### GIVEN DATA
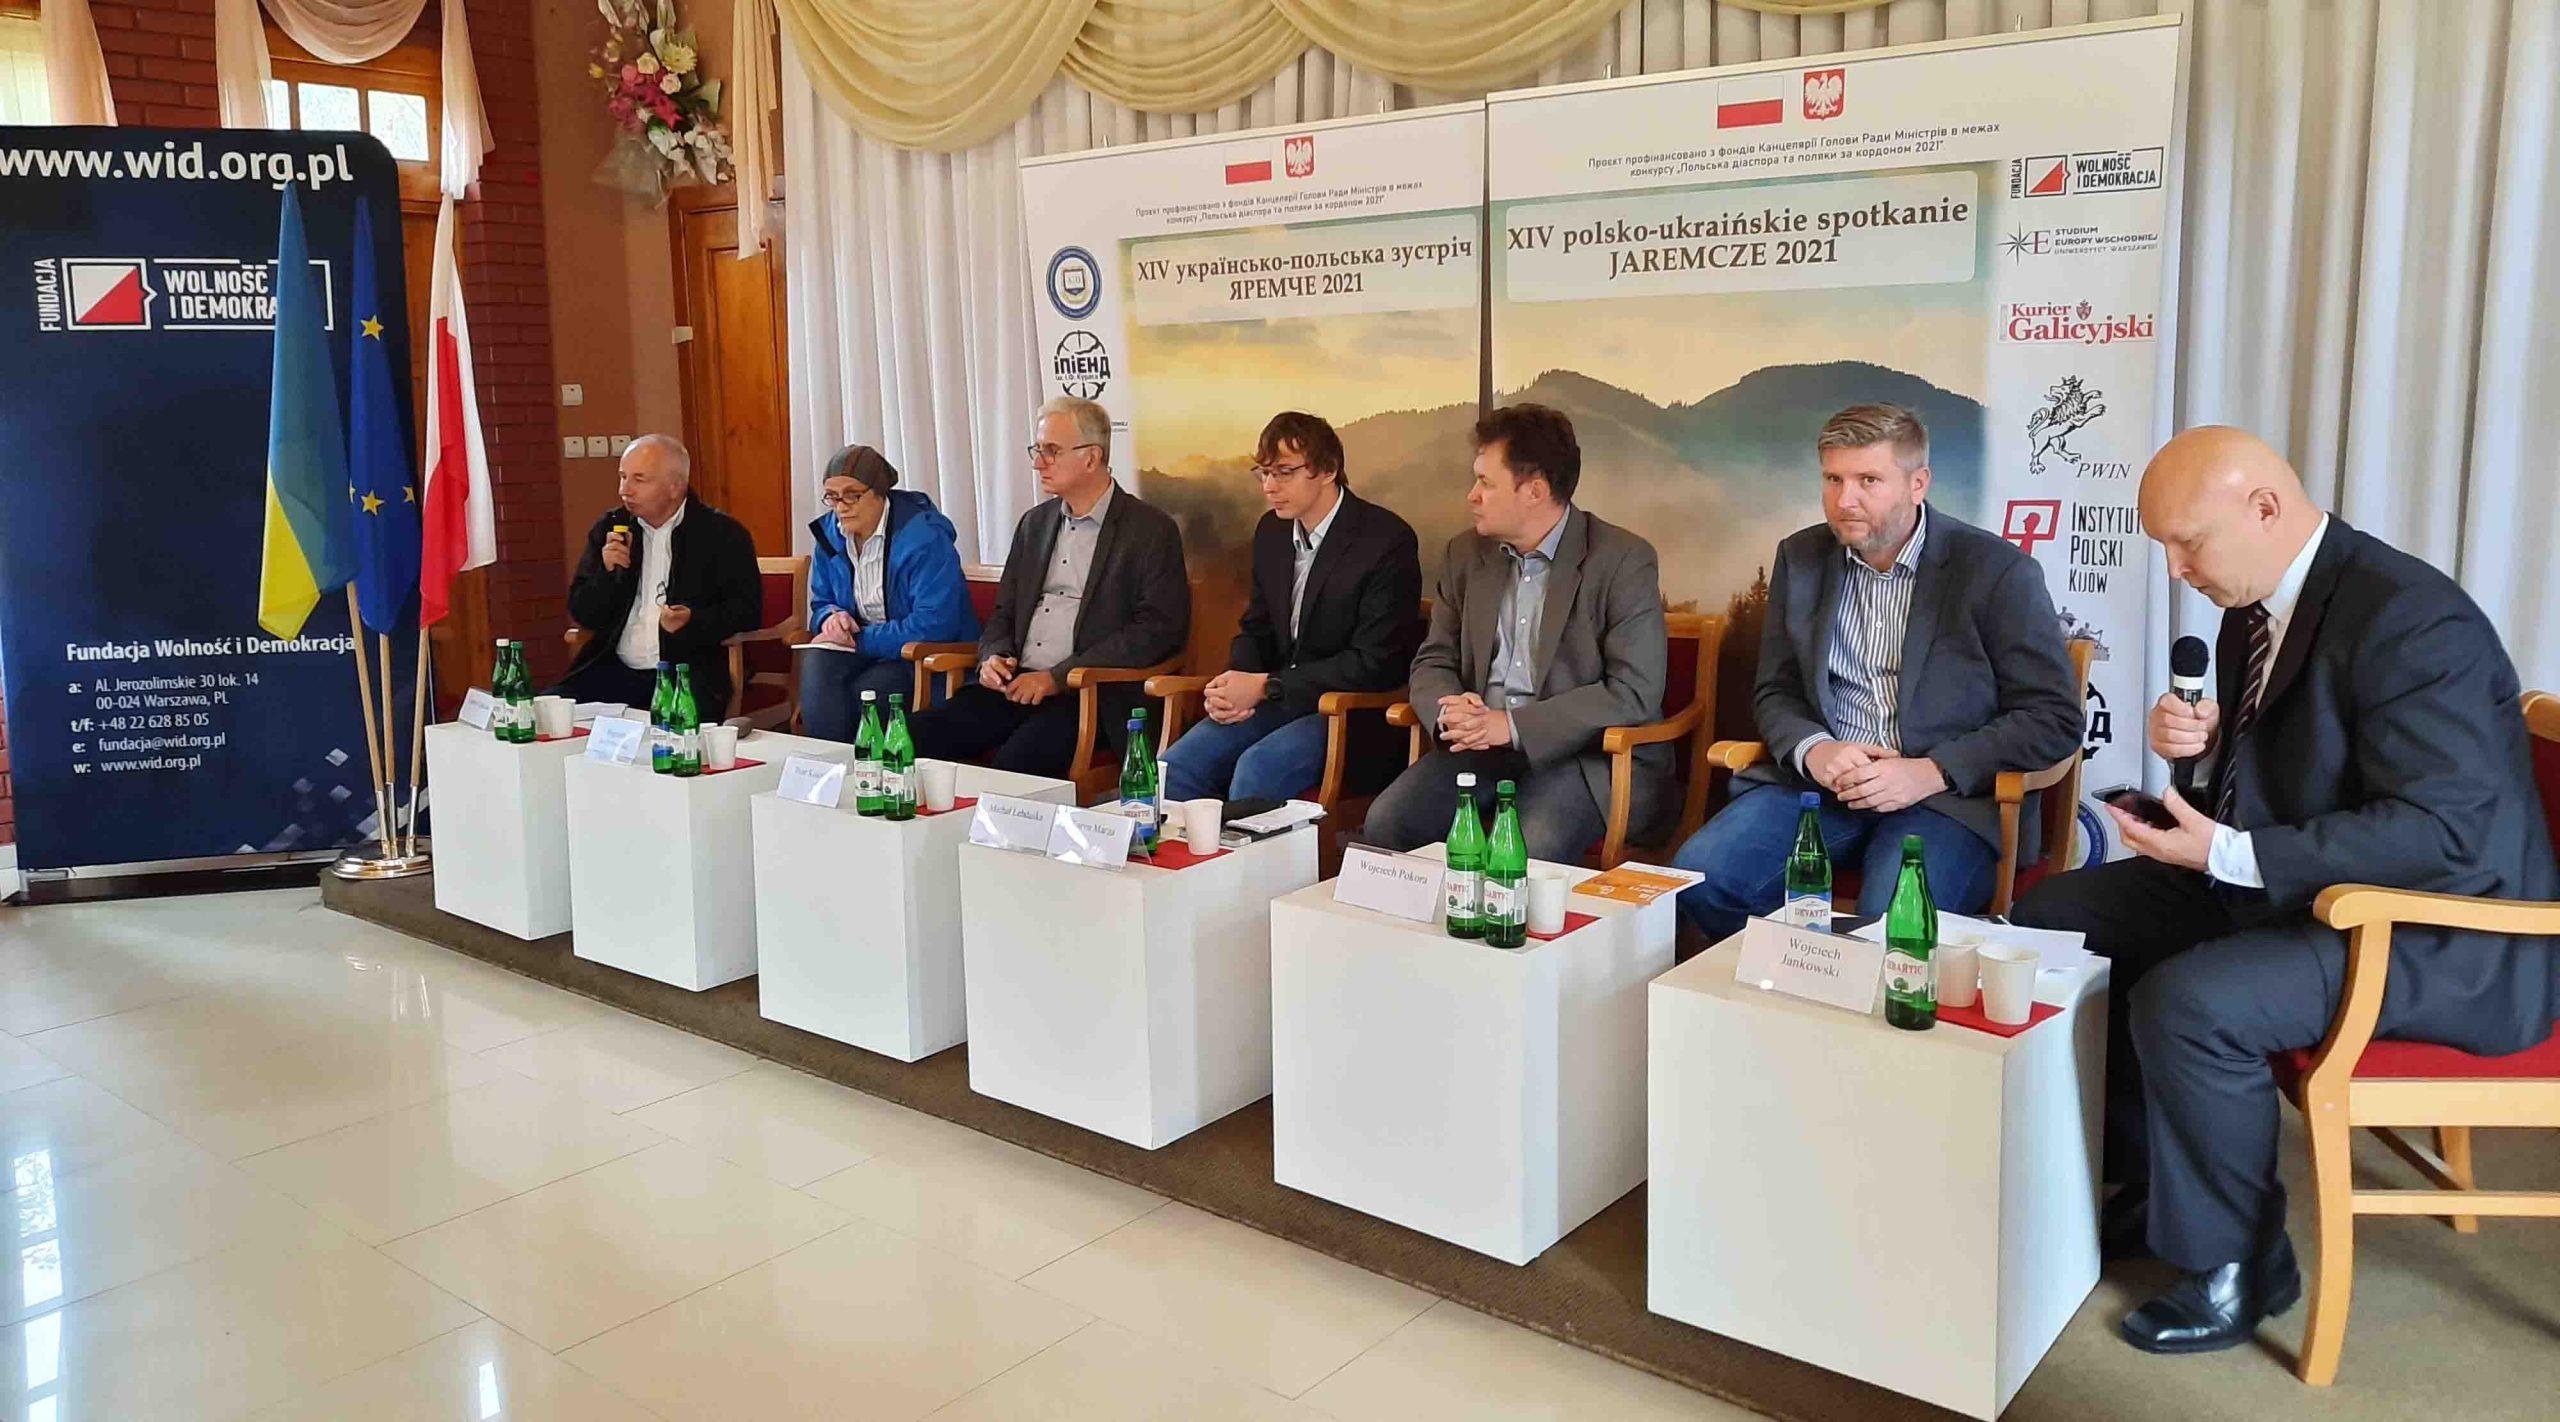 Jaremcze 2021: rola mediów w stosunkach polsko-ukraińskich
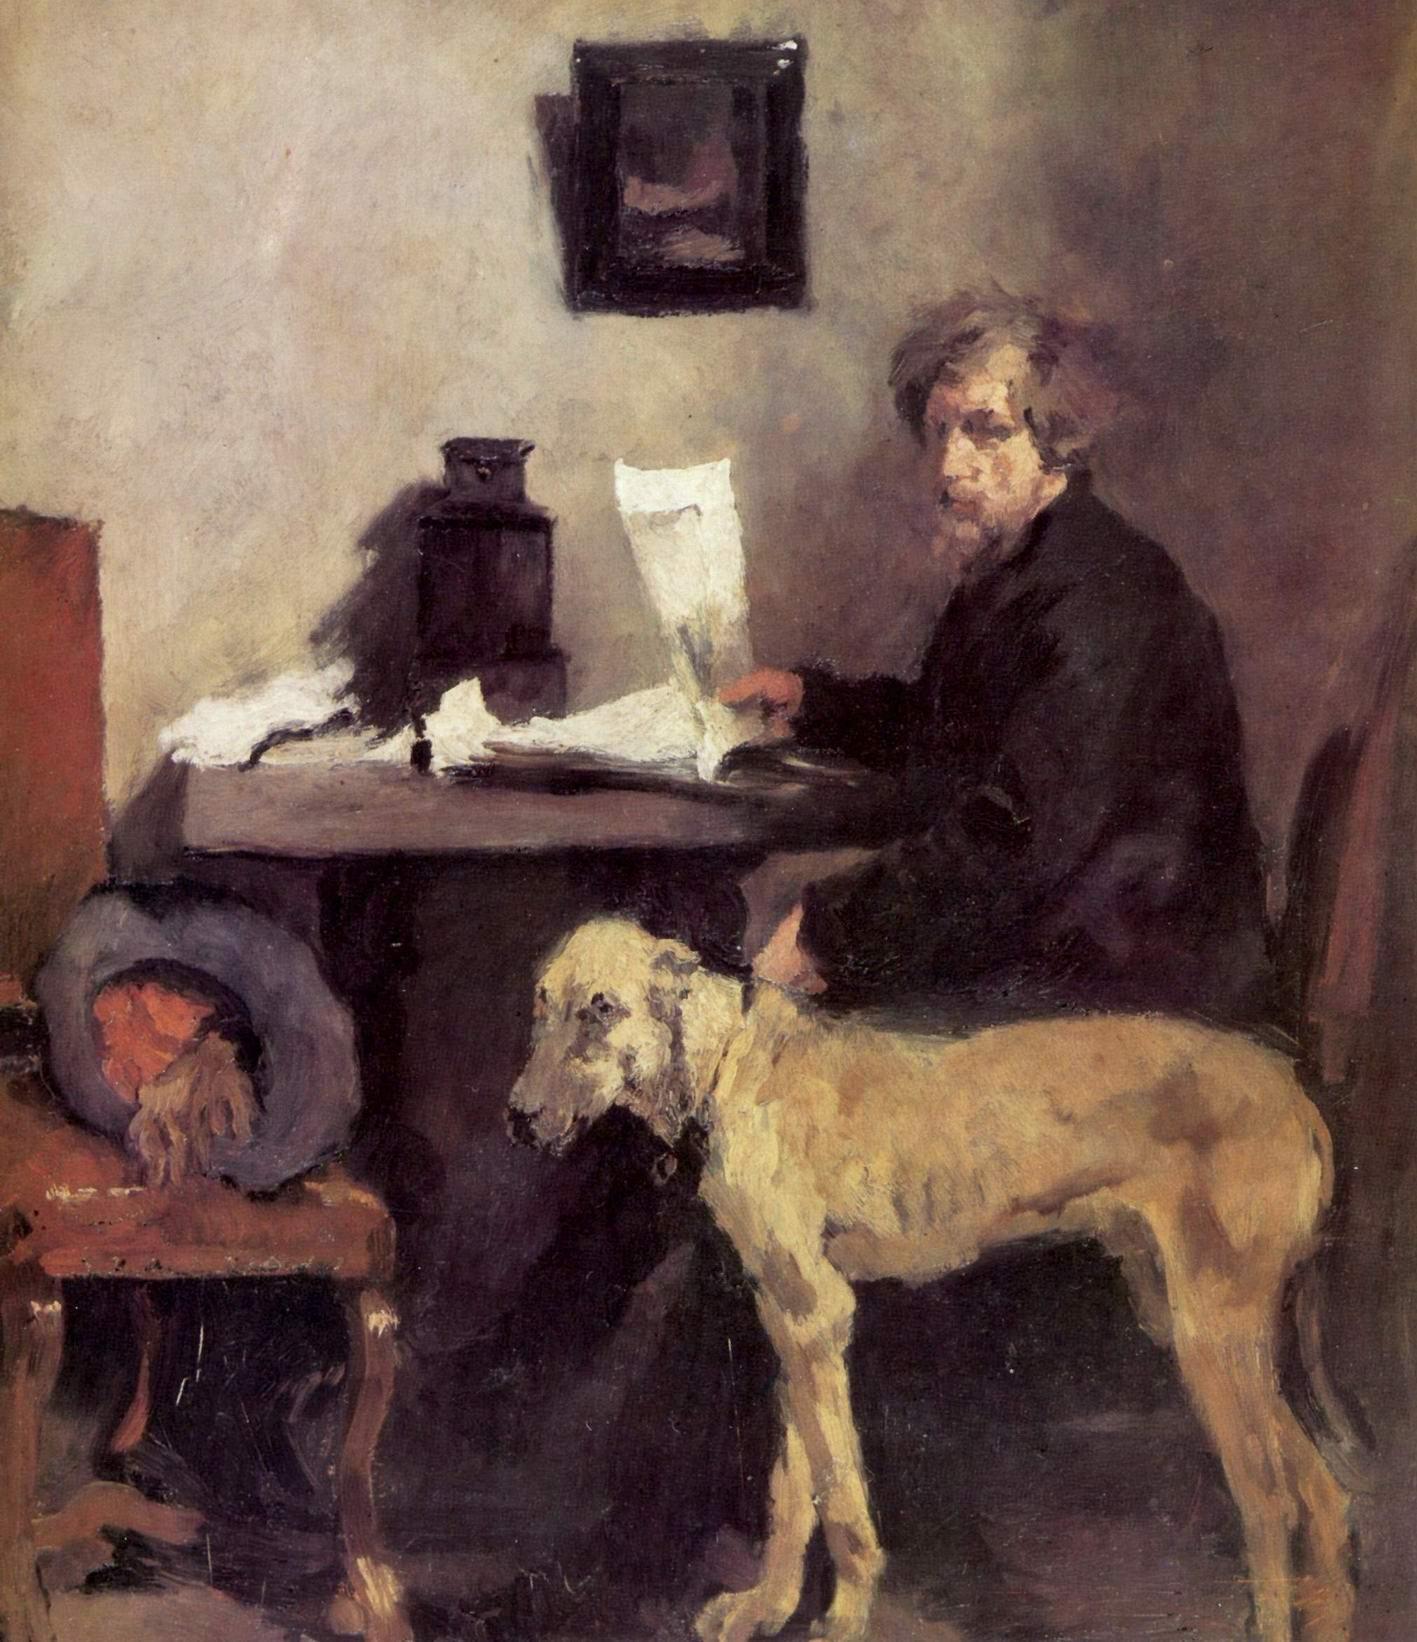 Портрет художника Заттлера с его догом, Лейбль Вильгельм Мария Хубертус
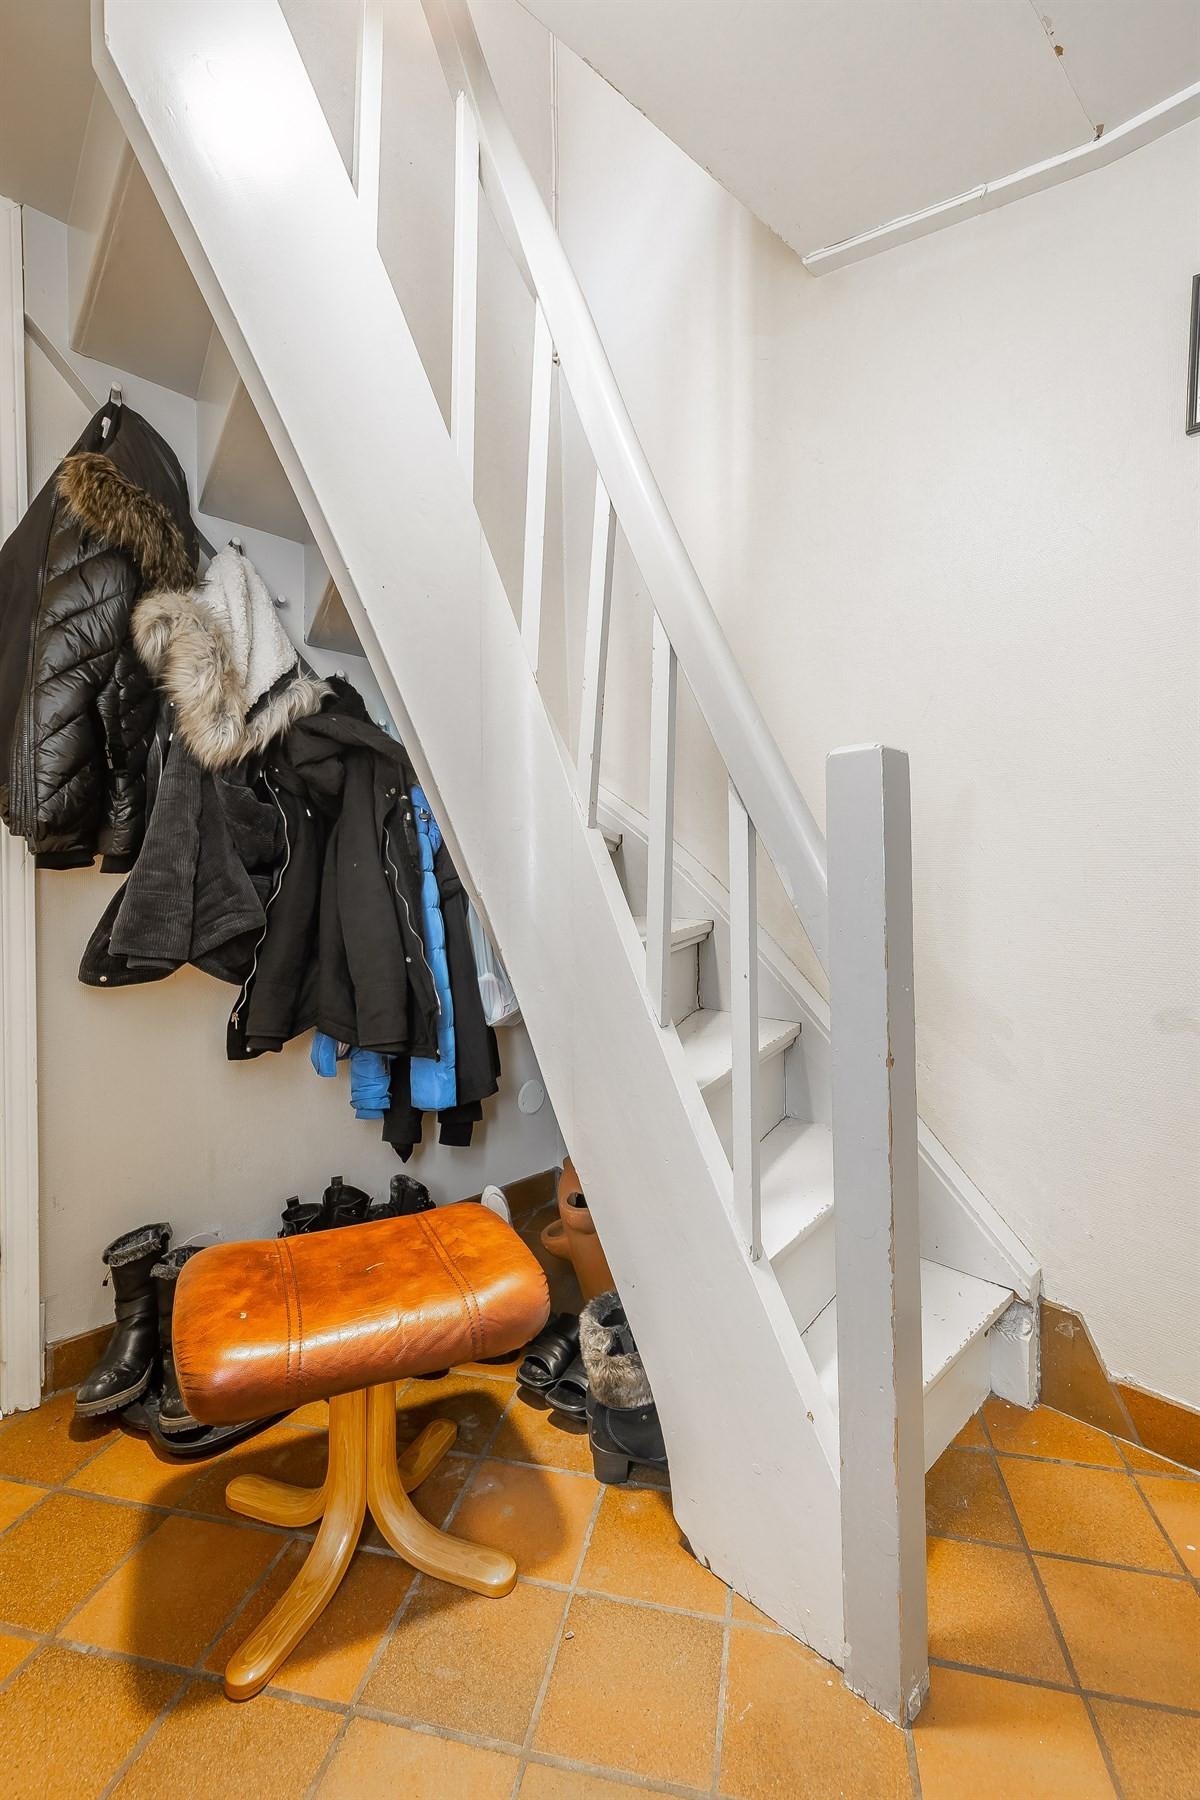 Leilighet 2. Inngangsparti med trapp. Bad til venstre

### WHAT YOU WILL DO
Reproduce all of the data exactly, omitting each picture it holds.

### EXPECTED OUTPUT
 Jaremcze 2021: rola mediów w stosunkach polsko-ukraińskich
 Портрет художника Заттлера с его догом, Лейбль Вильгельм Мария Хубертус
 Leilighet 2. Inngangsparti med trapp. Bad til venstre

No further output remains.